[PROBLEM] Go to the line containing "Porsche-Facebook-Banner-Like-Sidney-Malgras-UX-UI-Designer" in the records below and print it and every following line exactly, on through the line containing "Emballage, rubans sur", then stop.

[RECORDS SUPPLIED]
──────────────────────────────

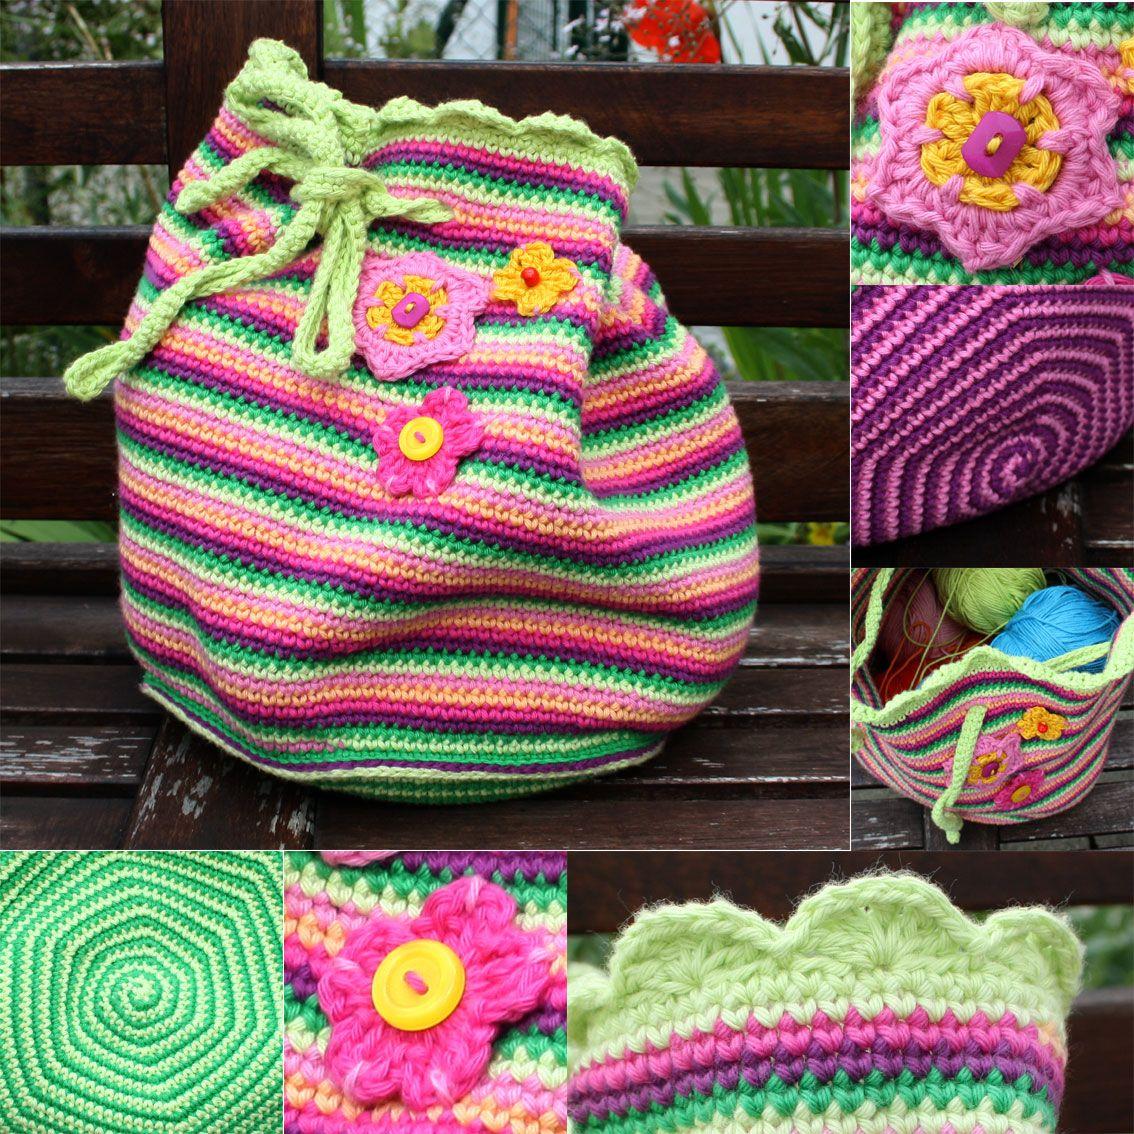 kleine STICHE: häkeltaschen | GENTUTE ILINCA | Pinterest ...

──────────────────────────────

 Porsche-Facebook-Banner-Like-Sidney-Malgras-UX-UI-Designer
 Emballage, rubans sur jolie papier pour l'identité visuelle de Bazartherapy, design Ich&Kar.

──────────────────────────────

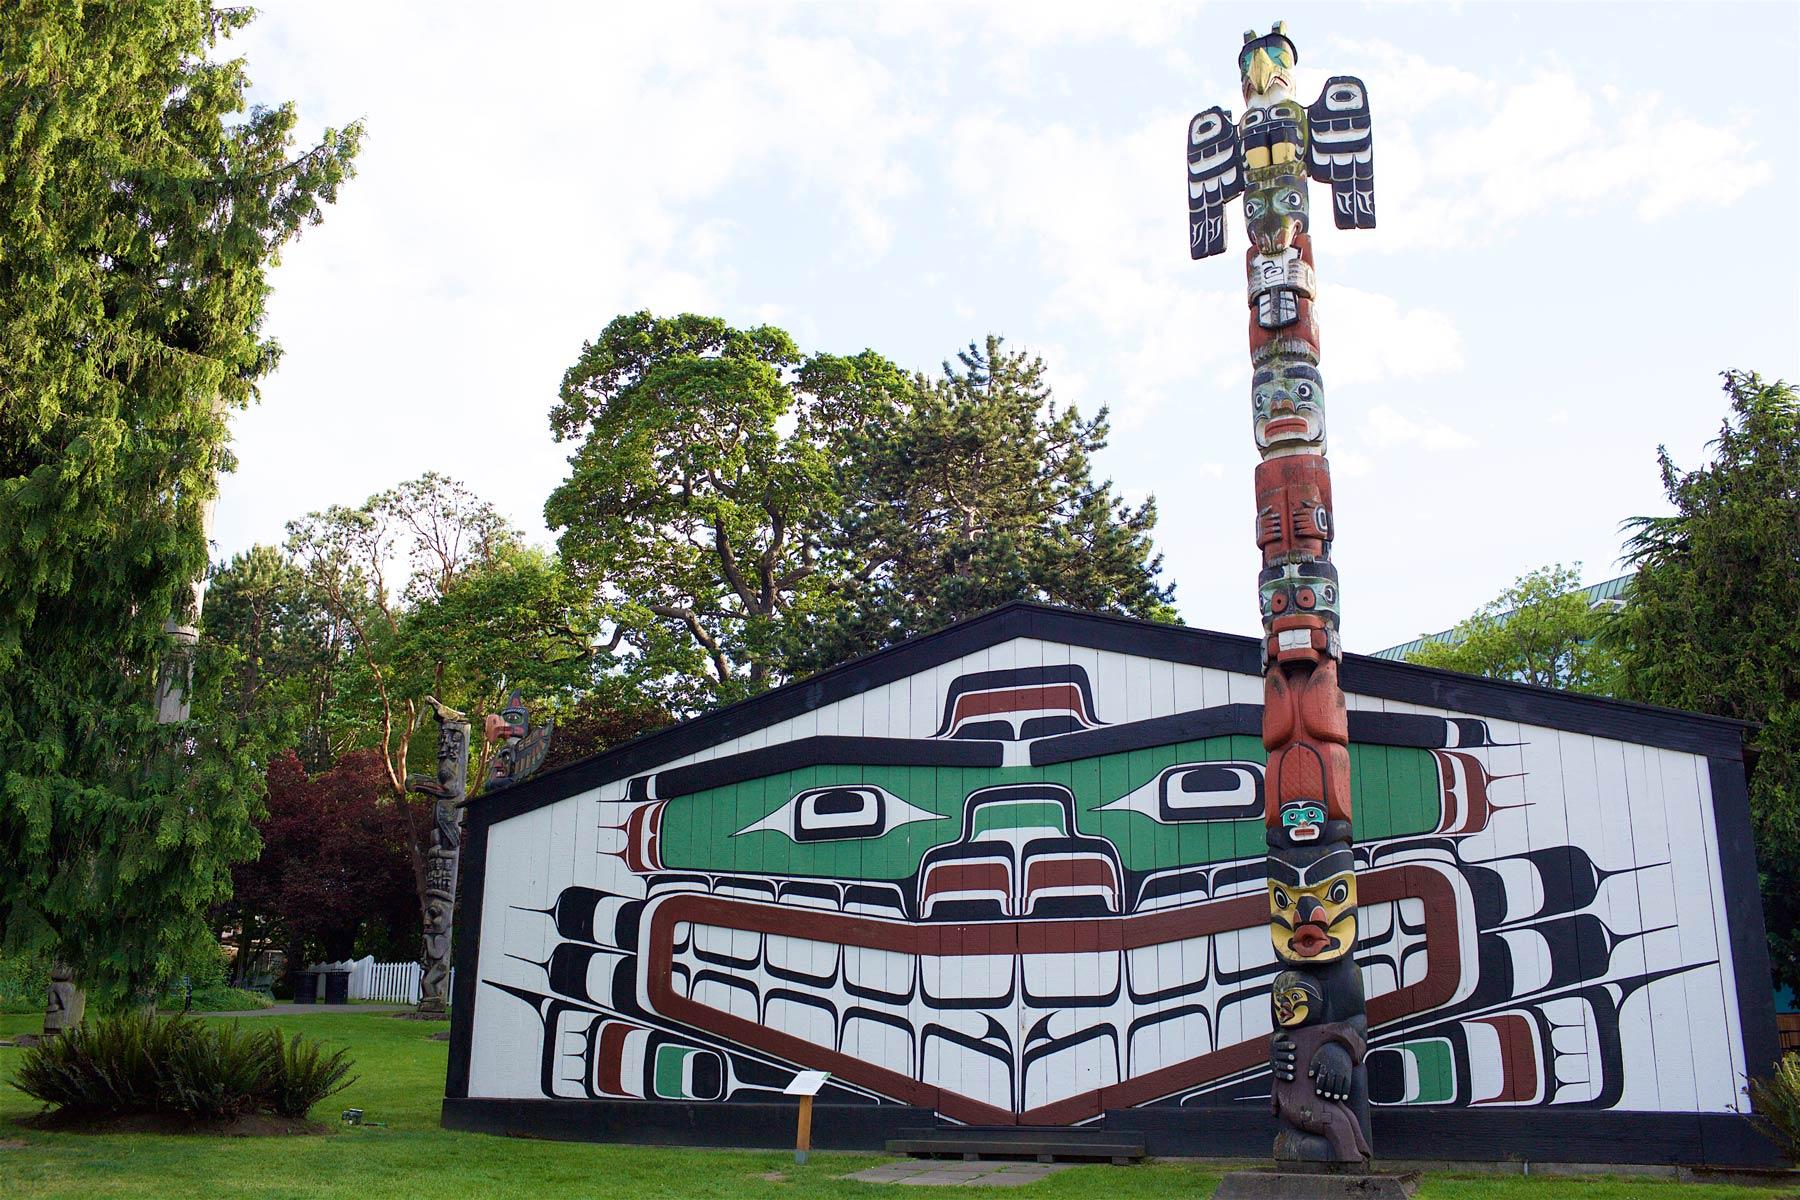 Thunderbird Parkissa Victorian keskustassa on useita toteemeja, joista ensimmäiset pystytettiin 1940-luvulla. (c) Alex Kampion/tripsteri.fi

──────────────────────────────

[ANSWER SECTION]
 Porsche-Facebook-Banner-Like-Sidney-Malgras-UX-UI-Designer
 Emballage, rubans sur jolie papier pour l'identité visuelle de Bazartherapy, design Ich&Kar.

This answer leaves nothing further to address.